→ **PROBLEM REQUIREMENTS**:
Whenever "Office" appears in a line of the entries below, that line counts; give the total only.

++++ THE RECORDS

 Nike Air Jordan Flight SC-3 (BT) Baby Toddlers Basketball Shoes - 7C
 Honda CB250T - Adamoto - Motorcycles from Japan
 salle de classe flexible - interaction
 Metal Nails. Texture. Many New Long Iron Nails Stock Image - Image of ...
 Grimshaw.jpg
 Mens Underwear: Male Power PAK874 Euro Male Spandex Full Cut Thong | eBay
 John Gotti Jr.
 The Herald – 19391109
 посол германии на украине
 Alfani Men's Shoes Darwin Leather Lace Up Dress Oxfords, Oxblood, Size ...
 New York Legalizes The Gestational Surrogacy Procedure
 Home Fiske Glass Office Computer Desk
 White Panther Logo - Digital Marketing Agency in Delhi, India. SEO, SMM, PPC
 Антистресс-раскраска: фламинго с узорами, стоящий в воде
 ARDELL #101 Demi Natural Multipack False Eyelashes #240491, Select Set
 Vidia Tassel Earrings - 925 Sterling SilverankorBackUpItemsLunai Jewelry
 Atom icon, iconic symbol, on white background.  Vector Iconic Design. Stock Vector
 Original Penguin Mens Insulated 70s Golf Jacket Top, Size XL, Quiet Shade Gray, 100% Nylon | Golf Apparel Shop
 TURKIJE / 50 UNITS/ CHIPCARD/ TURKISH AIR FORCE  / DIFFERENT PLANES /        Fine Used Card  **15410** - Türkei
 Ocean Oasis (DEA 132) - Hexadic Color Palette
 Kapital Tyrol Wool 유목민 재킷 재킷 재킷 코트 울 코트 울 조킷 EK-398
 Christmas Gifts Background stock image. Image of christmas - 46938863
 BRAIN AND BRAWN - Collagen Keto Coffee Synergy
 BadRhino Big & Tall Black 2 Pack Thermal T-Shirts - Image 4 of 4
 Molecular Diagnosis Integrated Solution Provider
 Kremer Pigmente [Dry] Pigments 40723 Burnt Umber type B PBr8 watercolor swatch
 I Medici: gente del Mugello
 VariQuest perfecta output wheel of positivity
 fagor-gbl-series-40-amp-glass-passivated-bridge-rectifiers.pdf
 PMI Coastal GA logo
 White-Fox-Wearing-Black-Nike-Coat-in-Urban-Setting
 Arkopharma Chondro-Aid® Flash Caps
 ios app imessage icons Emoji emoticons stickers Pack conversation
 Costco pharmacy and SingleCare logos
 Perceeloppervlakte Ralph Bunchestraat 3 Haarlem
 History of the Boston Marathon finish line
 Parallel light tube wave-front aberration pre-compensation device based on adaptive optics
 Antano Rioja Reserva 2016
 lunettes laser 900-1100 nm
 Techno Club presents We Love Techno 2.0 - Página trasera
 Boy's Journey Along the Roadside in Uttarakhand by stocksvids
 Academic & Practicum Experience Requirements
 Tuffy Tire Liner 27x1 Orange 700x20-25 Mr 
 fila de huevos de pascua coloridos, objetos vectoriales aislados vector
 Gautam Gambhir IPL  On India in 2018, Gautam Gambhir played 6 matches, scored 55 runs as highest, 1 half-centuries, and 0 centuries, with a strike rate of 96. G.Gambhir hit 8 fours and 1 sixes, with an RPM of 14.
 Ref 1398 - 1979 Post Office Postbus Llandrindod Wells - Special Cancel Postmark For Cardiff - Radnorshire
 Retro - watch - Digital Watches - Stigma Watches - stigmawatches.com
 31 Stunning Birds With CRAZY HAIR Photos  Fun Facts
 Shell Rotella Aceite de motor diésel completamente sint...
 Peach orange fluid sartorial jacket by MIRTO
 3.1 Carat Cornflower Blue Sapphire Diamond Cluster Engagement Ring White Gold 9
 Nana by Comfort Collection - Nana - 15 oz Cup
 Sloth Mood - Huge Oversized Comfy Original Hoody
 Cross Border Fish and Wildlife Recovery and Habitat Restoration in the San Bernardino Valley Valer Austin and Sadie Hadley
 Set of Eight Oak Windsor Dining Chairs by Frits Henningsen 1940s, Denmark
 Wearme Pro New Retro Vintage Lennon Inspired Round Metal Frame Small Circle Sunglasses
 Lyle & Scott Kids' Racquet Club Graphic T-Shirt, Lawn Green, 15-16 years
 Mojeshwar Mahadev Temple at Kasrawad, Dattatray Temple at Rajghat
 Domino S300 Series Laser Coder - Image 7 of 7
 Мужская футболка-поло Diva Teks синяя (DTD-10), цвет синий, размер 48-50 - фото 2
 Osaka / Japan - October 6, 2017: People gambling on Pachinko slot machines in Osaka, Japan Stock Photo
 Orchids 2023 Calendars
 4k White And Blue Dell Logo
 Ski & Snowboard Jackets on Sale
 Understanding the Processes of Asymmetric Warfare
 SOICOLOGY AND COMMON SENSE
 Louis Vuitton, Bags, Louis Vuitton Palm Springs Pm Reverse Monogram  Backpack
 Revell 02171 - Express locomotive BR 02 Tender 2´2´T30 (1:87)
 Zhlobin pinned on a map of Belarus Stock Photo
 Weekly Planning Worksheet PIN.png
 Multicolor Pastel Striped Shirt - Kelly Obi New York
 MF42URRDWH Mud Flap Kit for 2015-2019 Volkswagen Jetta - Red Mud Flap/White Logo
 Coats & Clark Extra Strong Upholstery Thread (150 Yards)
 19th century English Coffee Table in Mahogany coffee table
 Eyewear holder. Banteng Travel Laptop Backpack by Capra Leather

++++++++

→ **SOLUTION FOR THIS EXERCISE**:
2